This skill orchestrates code analysis and Confluence publication by running the code-overview process, allowing user review of the generated overview, then publishing it to a user-specified Confluence page. It validates Atlassian server connectivity before starting work, delegates the actual code analysis to han-coding:code-overview and publishing to han-atlassian:markdown-to-confluence, and should be used when you need to document codebase structure and flow in Confluence as a single page.

Install in Claude Code
Copy
git clone --depth 1 https://github.com/testdouble/han /tmp/code-overview-to-confluence && cp -r /tmp/code-overview-to-confluence/han-atlassian/skills/code-overview-to-confluence ~/.claude/skills/code-overview-to-confluence
Then start a new Claude Code session; the skill loads automatically.

SKILL.md

# Code Overview to Confluence

This skill runs a progressive-disclosure code overview with the core
`han-coding:code-overview` skill, lets the user review the resulting overview, and
then publishes it to a Confluence location that **the user must specify**. It is a
thin orchestrator: the overview work belongs to `han-coding:code-overview`, and the
publishing work belongs to `han-atlassian:markdown-to-confluence`. This skill only
validates its inputs, runs the overview to a scratch file, gets the user's review
and publish choice, and hands the file to the publisher.

`han-coding:code-overview` produces a **single** scratch file (the overview: what the
code does, how it flows, where to start, and — in PR mode — what changed and what
to watch when reviewing). It does not produce companion artifacts, so this skill
publishes that one file as a single Confluence page — the single-page sibling of
`han-atlassian:investigate-to-confluence` and `han-atlassian:project-documentation-to-confluence`,
not the parent-plus-children tree of `han-atlassian:plan-a-feature-to-confluence`.

The five steps below are the whole skill. It does not resolve Confluence pages or
call the Confluence MCP create/update tools itself; `han-atlassian:markdown-to-confluence`
owns all of that.

## Step 1: Validate Inputs

Confirm the skill has everything it needs before spending effort on an overview:

1. **Atlassian MCP reachable (hard requirement).** Call
   `mcp__claude_ai_Atlassian__getAccessibleAtlassianResources` to confirm the
   server is connected and retrieve the cloud ID(s). If the tool is not
   available, the call errors, or it returns no accessible resources (typically
   an authentication or configuration problem), **stop immediately**. Tell the
   user this skill requires the Atlassian MCP server to be installed, configured,
   and authenticated, and that they can re-run it once it is connected.
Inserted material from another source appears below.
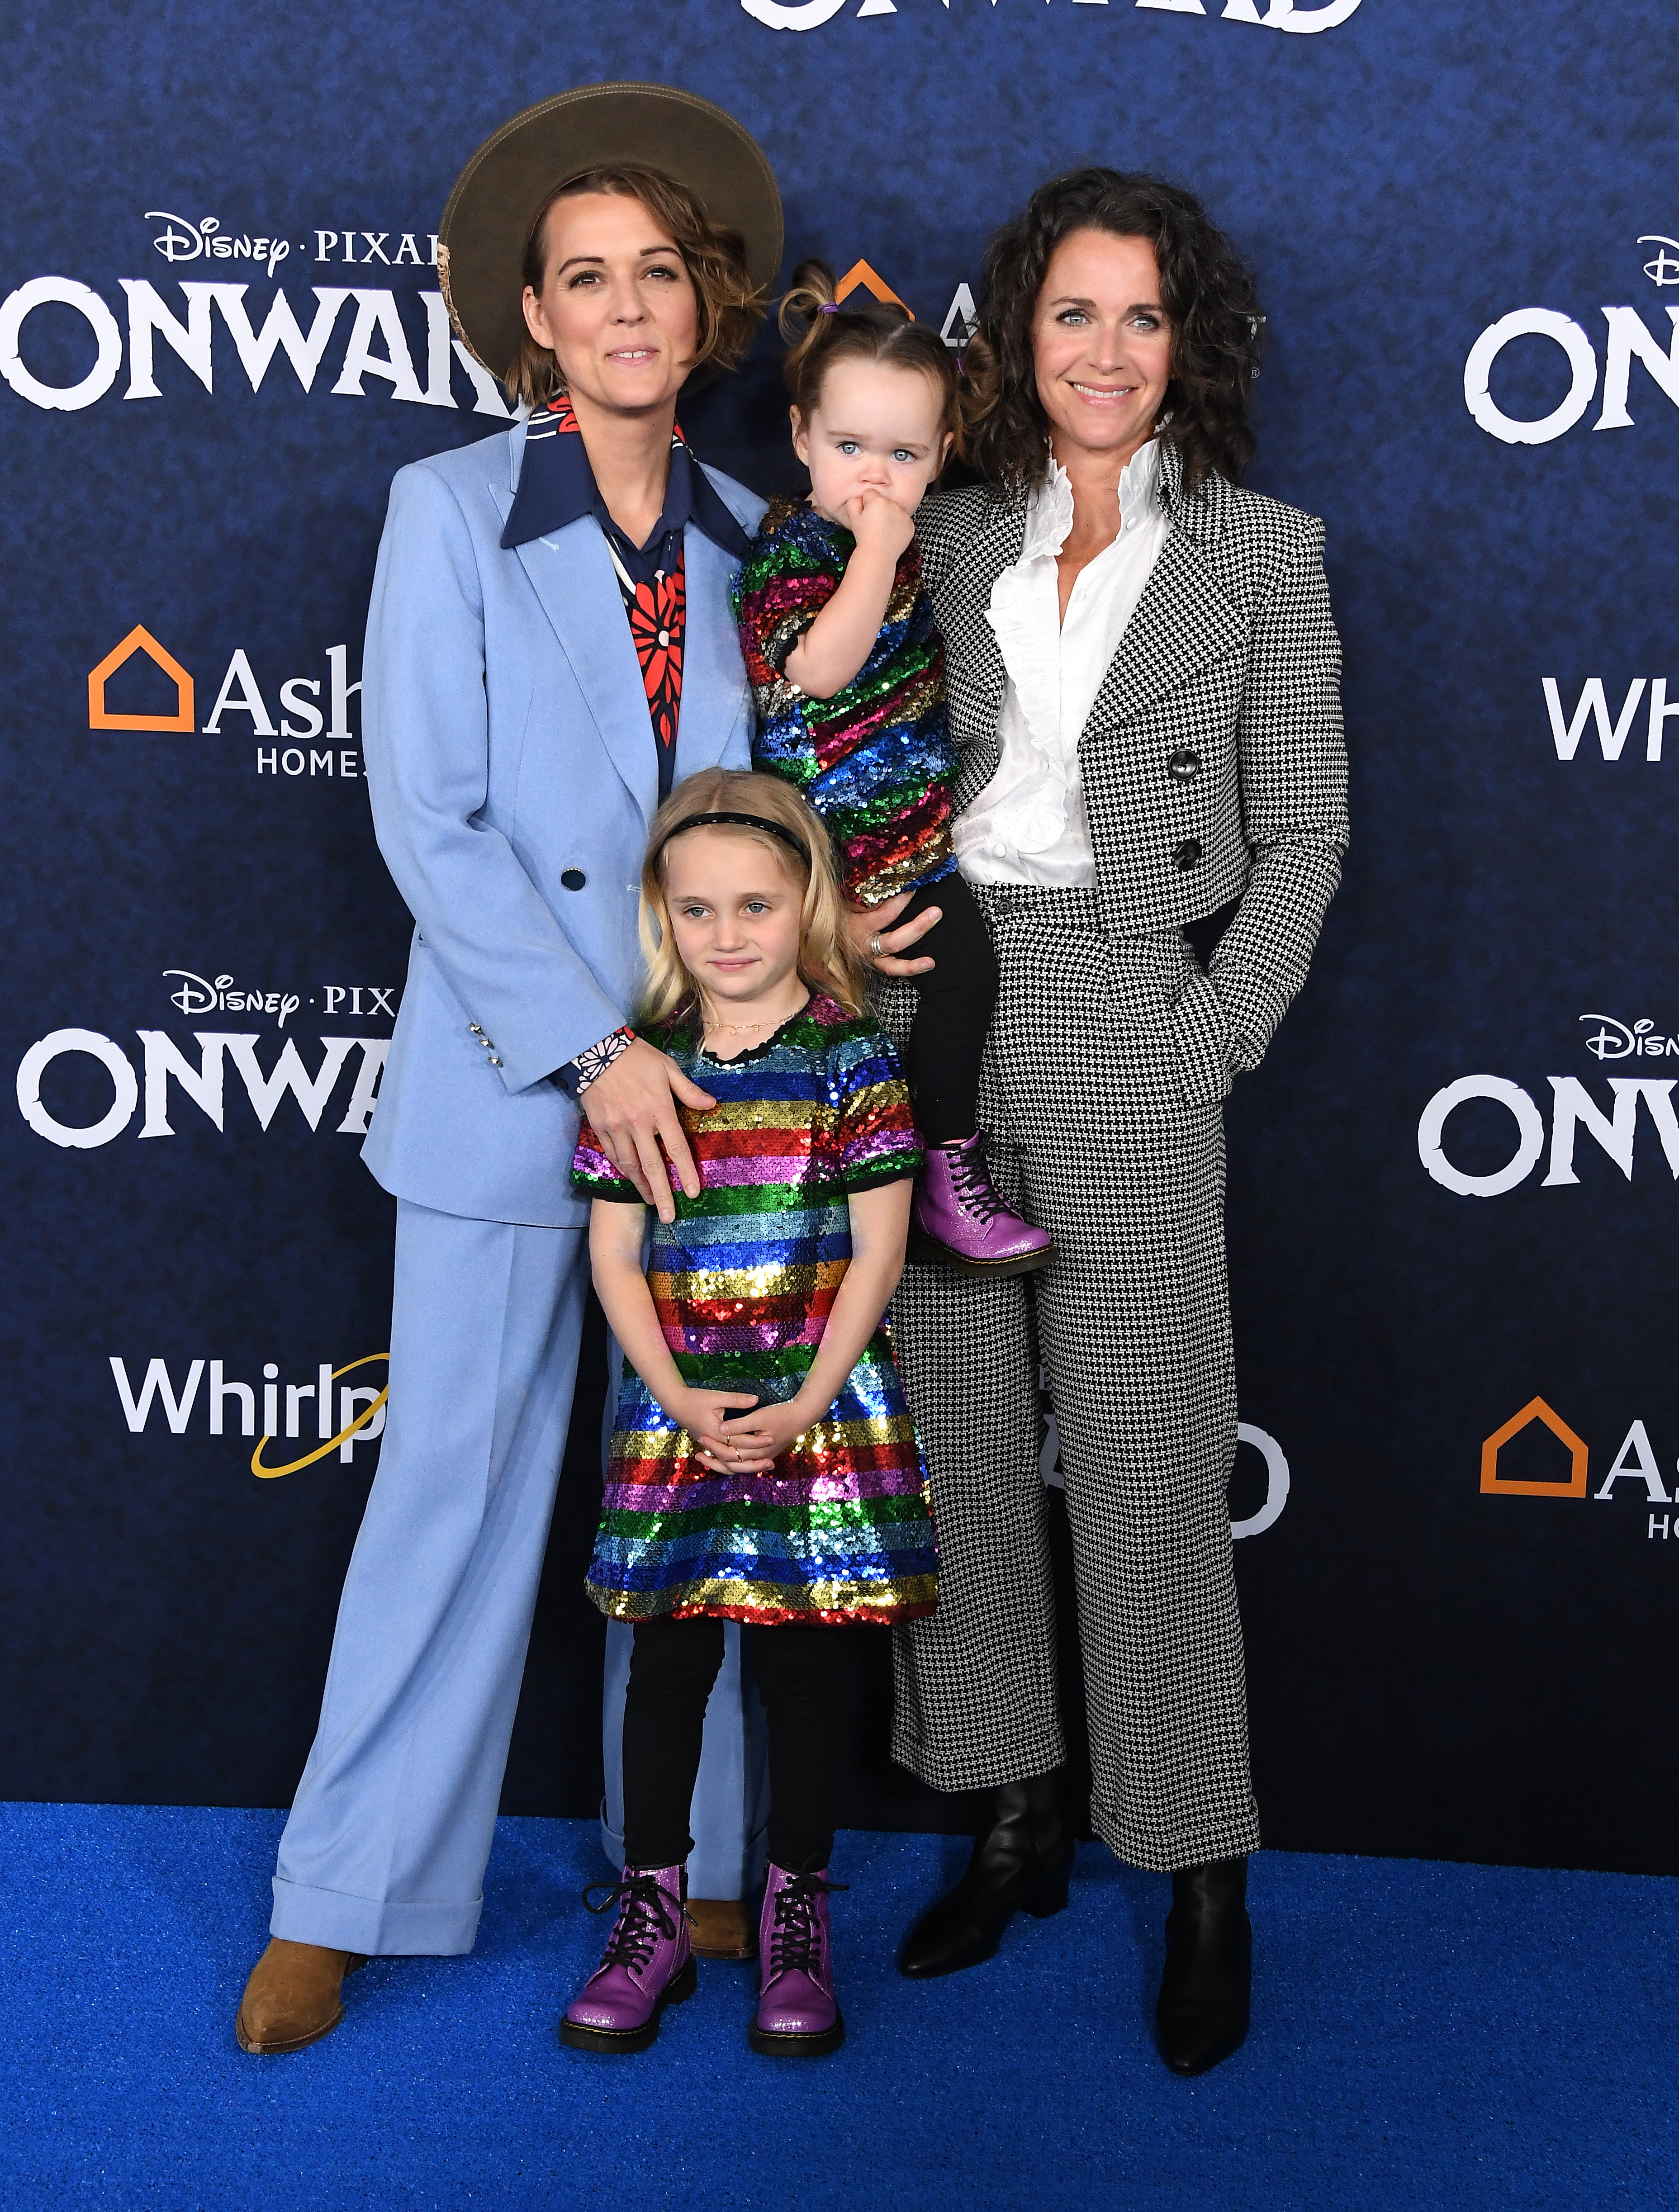 Brandi Carlile, Elijah Carlile, Evangeline Ruth Carlile, and Catherine Shepherd at the premiere of Disney And Pixar's "Onward" on February 18, 2020, in Hollywood, California. | Source: Getty Images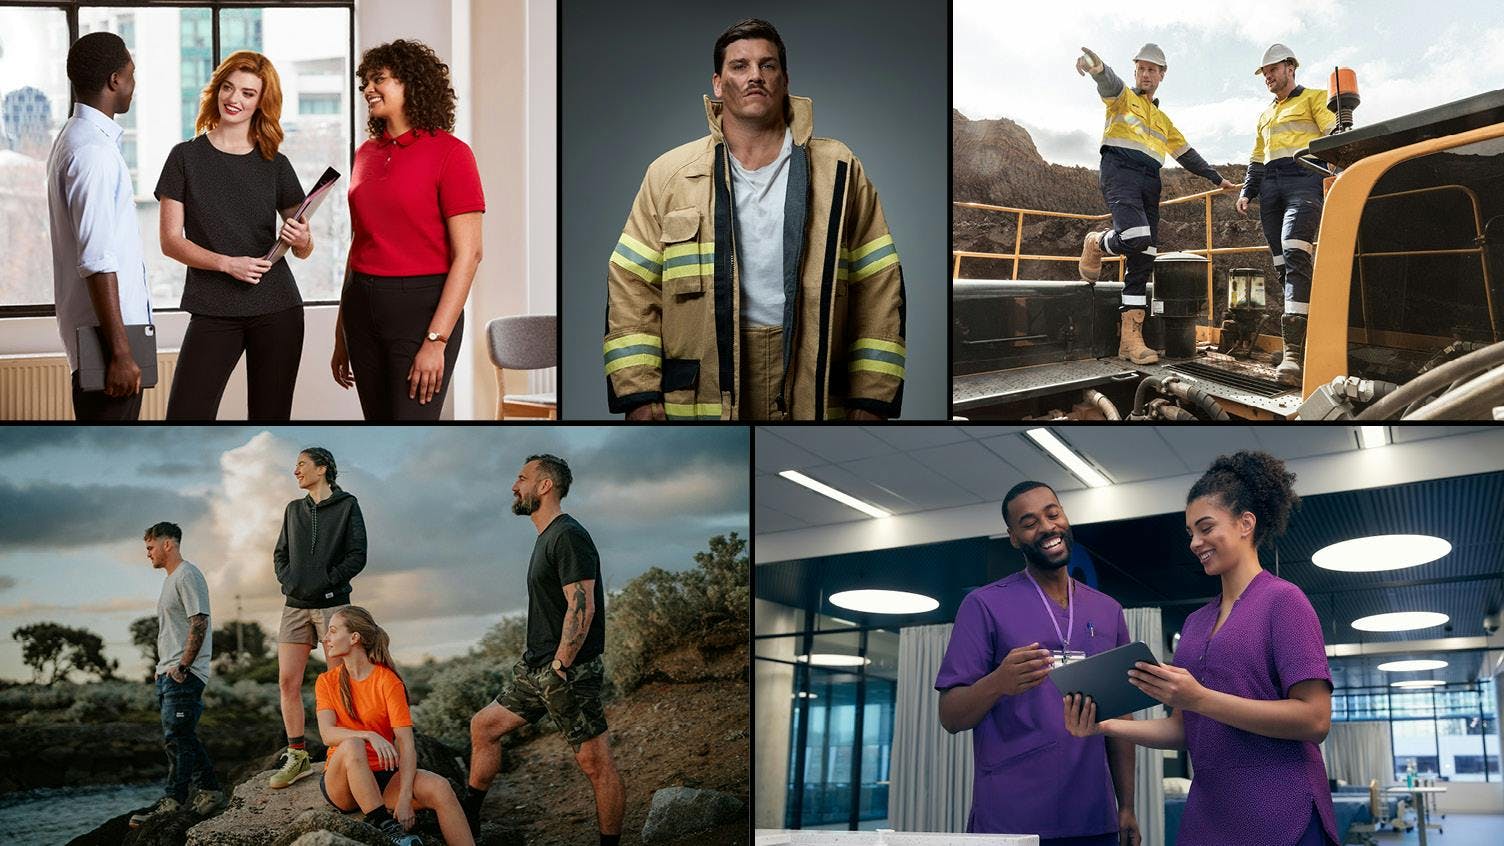 Campaign images of Workwear Group brands

Do not
   fall back to a local-only run; for a local-only overview, point them at
   `han-coding:code-overview`. This preflight runs first so a missing server fails
   before any overview work begins.
2. **A target to overview (optional).** The target may be a file, directory,
   symbol, or pull request reference, and an optional size (`small`, `medium`, or
   `large`). All of this — together with the relevant conversation context — is
   forwarded to `han-coding:code-overview` verbatim in Step 2. A target is not
   required: with none given, `han-coding:code-overview` defaults to the current
   branch's changes. Do not resolve or classify the target here; that is
   `han-coding:code-overview`'s job.
3. **A Confluence destination.** Confirm the request provides a target location:
   a **Confluence page URL** (to update that page, or create a child under it),
   or a **space** (key or name) plus an optional **parent page**. If none was
   provided, ask for one with `AskUserQuestion`, explaining plainly that the
   skill needs an exact destination because it does not search Confluence. Do not
   resolve the page tree here — only confirm a location was given. Carry it
   through to Step 5; `han-atlassian:markdown-to-confluence` resolves it.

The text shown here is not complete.